= Bernat Rosner =

American lawyer and concentration camp survivor

Bernat Rosner (born 29 January 1932) is a survivor of the Auschwitz and Mauthausen-Gusen concentration camps. As the only survivor of his family he went to the United States of America in 1948 and became a U.S. citizen in 1953.

Bernat Rosner was born in 1932 in Tab, Hungary as member of an Haredi Jewish family. In 1944, he and his family were deported to Auschwitz-Birkenau. Later he was transferred to Mauthausen. He was the only member of his family to survive the concentration camps.

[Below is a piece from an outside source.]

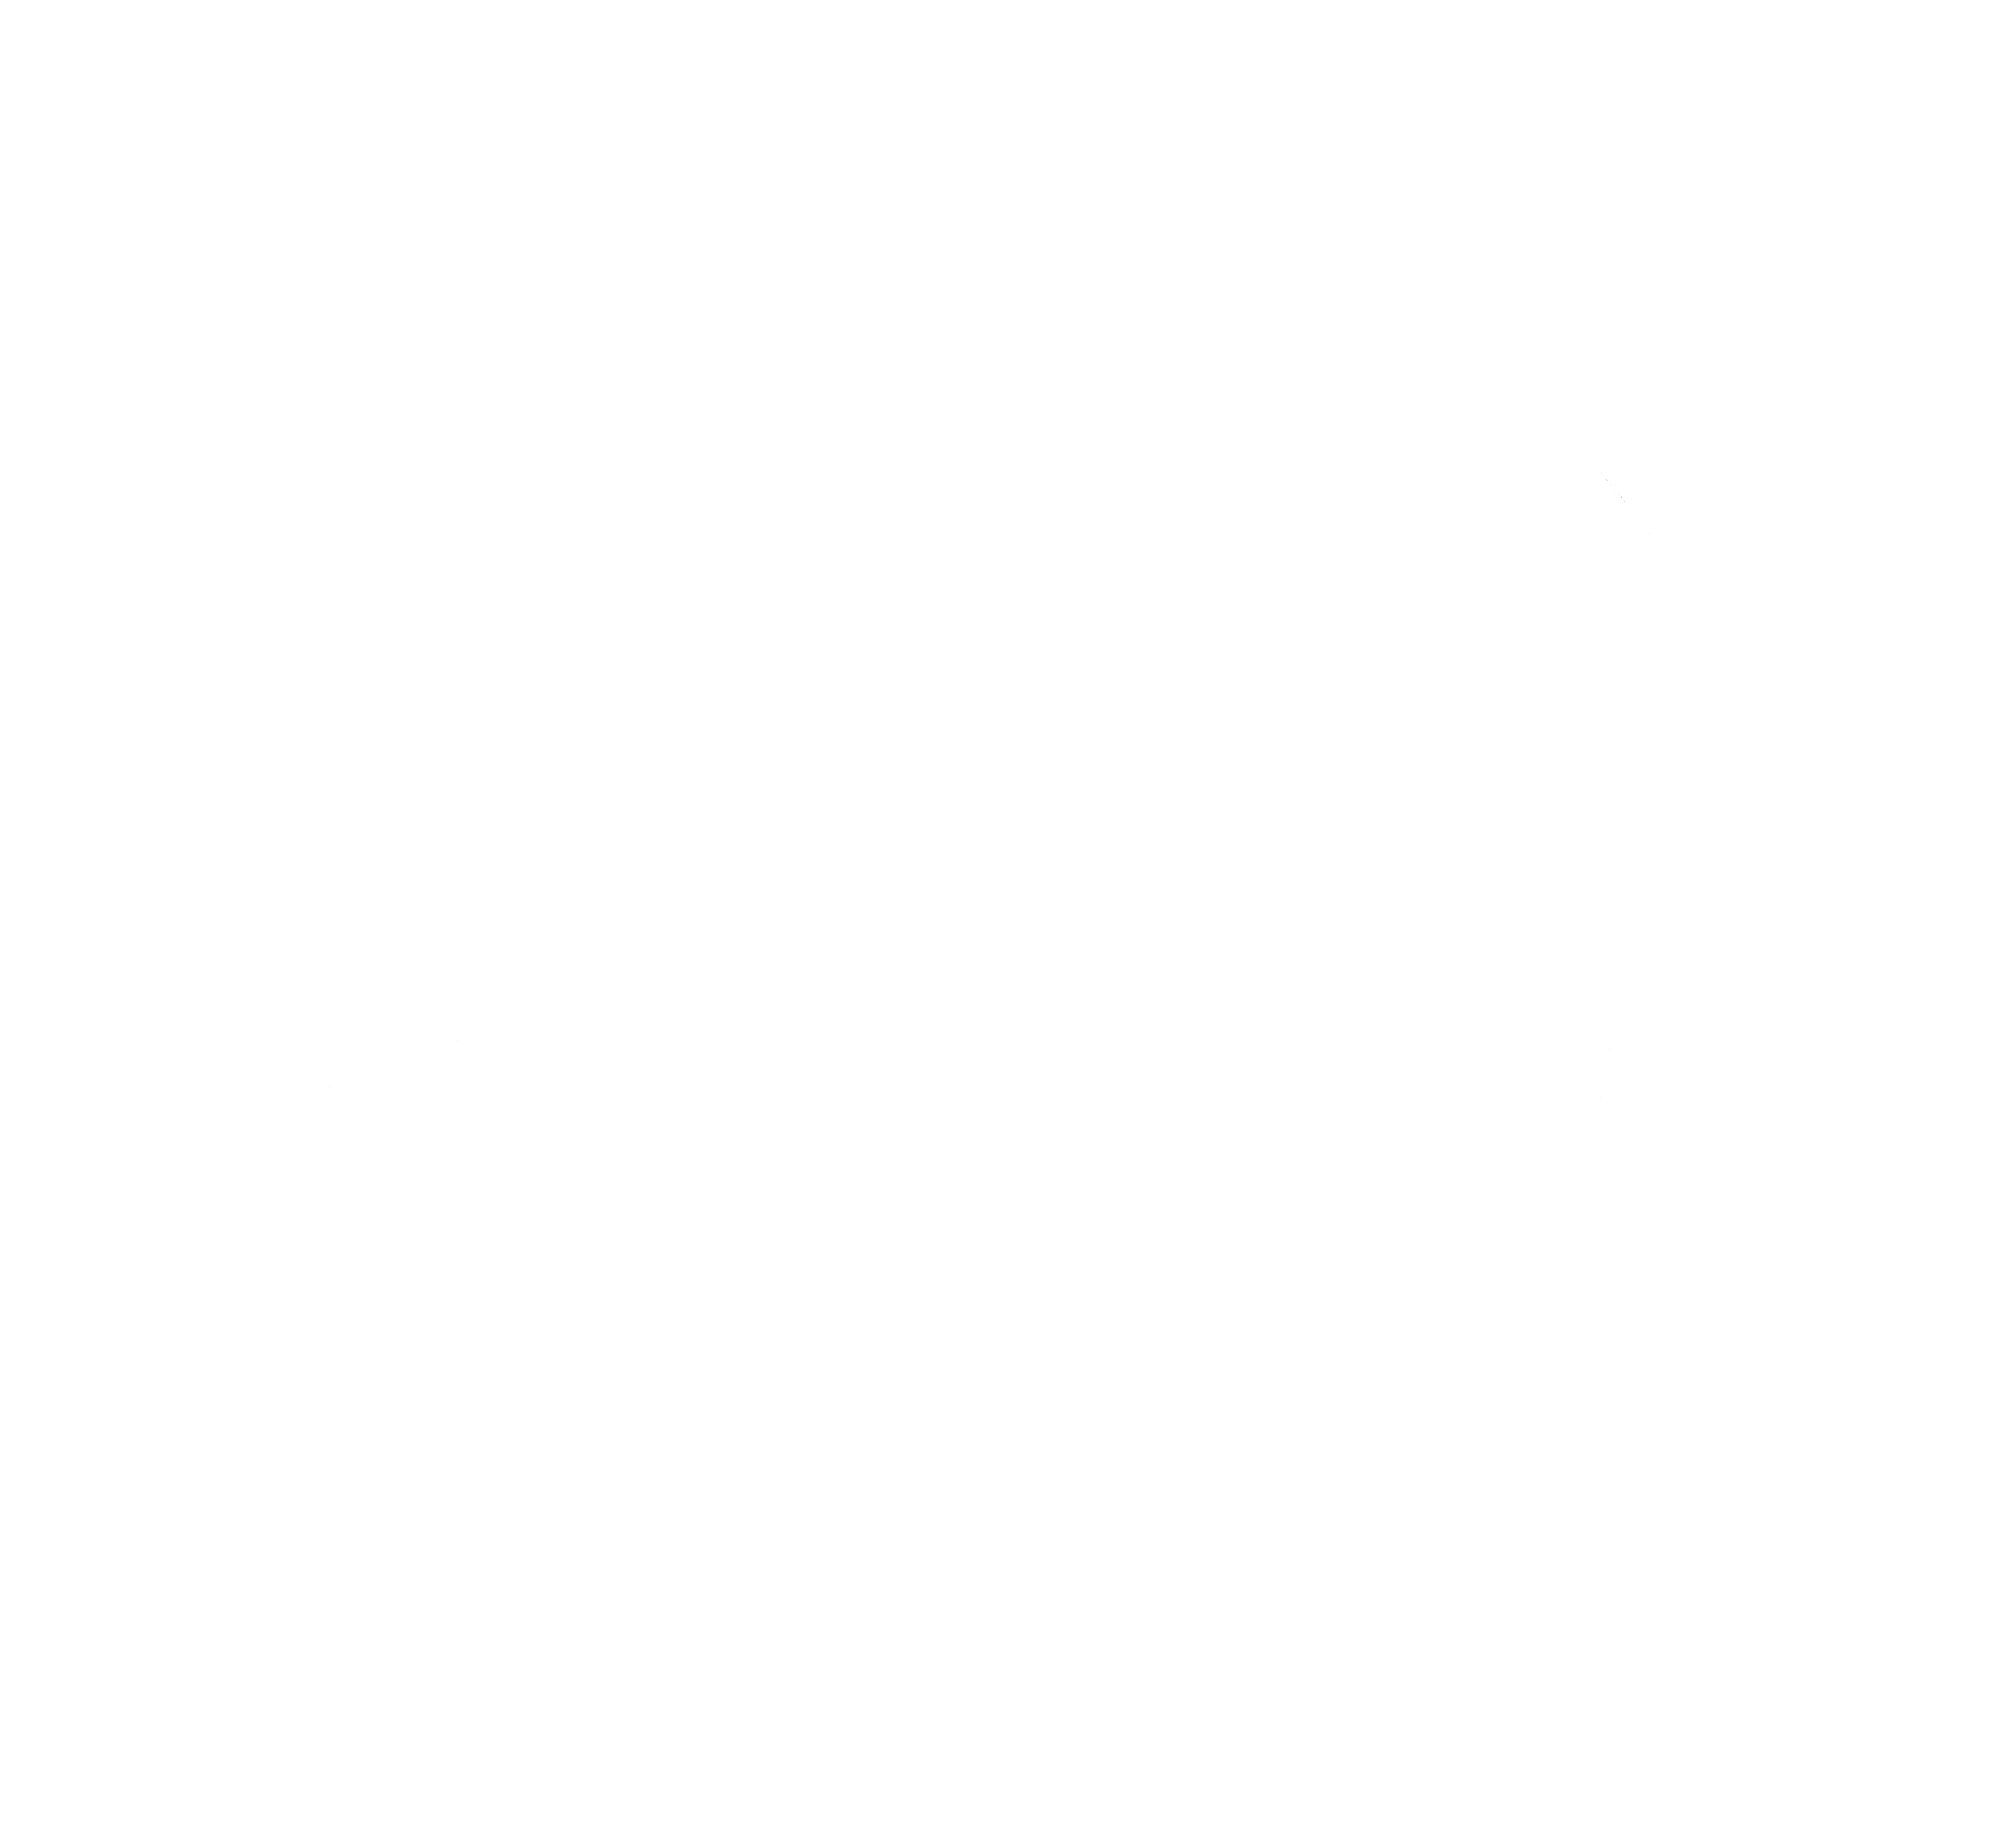 OpenShift Logo - OpenShift Logo PNG Transparent & SVG Vector - Freebie Supply
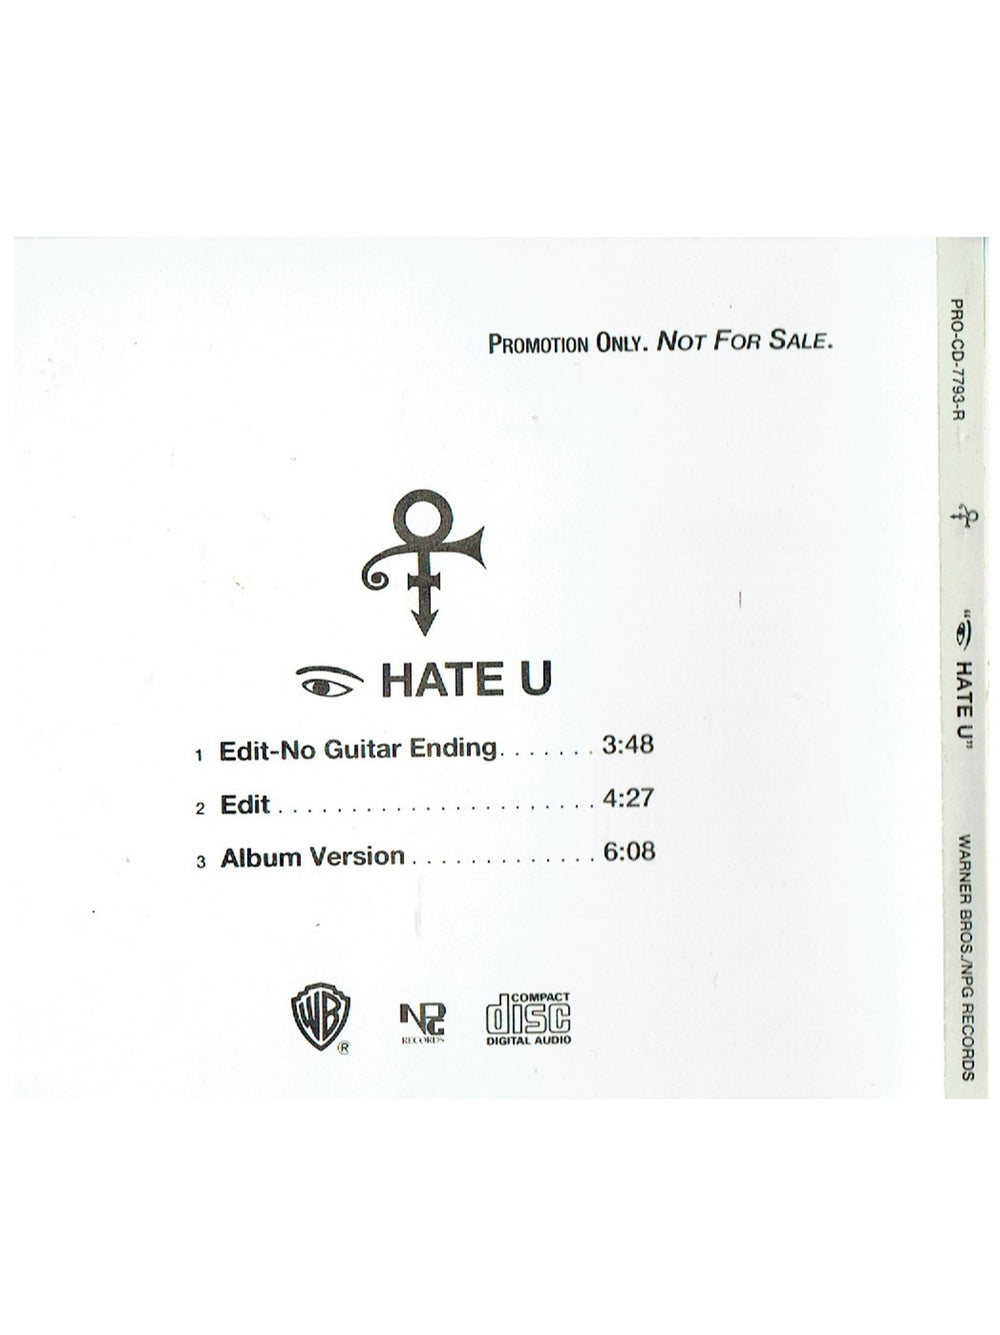 Prince – O(+> Eye Hate U Promotional Only CD Single 3 Track USA Release 1995

The story of Bernat Rosner is told in the book An uncommon friendship (2001) written by Bernat Rosner and Frederic C. Tubach. Tubach has the same age as Rosner, but was the son of a Nazi military officer. After they became friends in California, they decided to publish the story of their youth and their friendship.

Bernat Rosner went to high school at Thomas Jefferson School in St. Louis, Missouri and graduated in 1950 before attending Cornell University (1954) and Harvard Law School (1959). Before retiring in 1994, he was General Counsel of Safeway, Inc. (1984–1993), Vice Chair of the Antitrust Section of the American Bar Association (1990–91), the author of several articles, and a frequent lecturer on the Robinson Patman Act.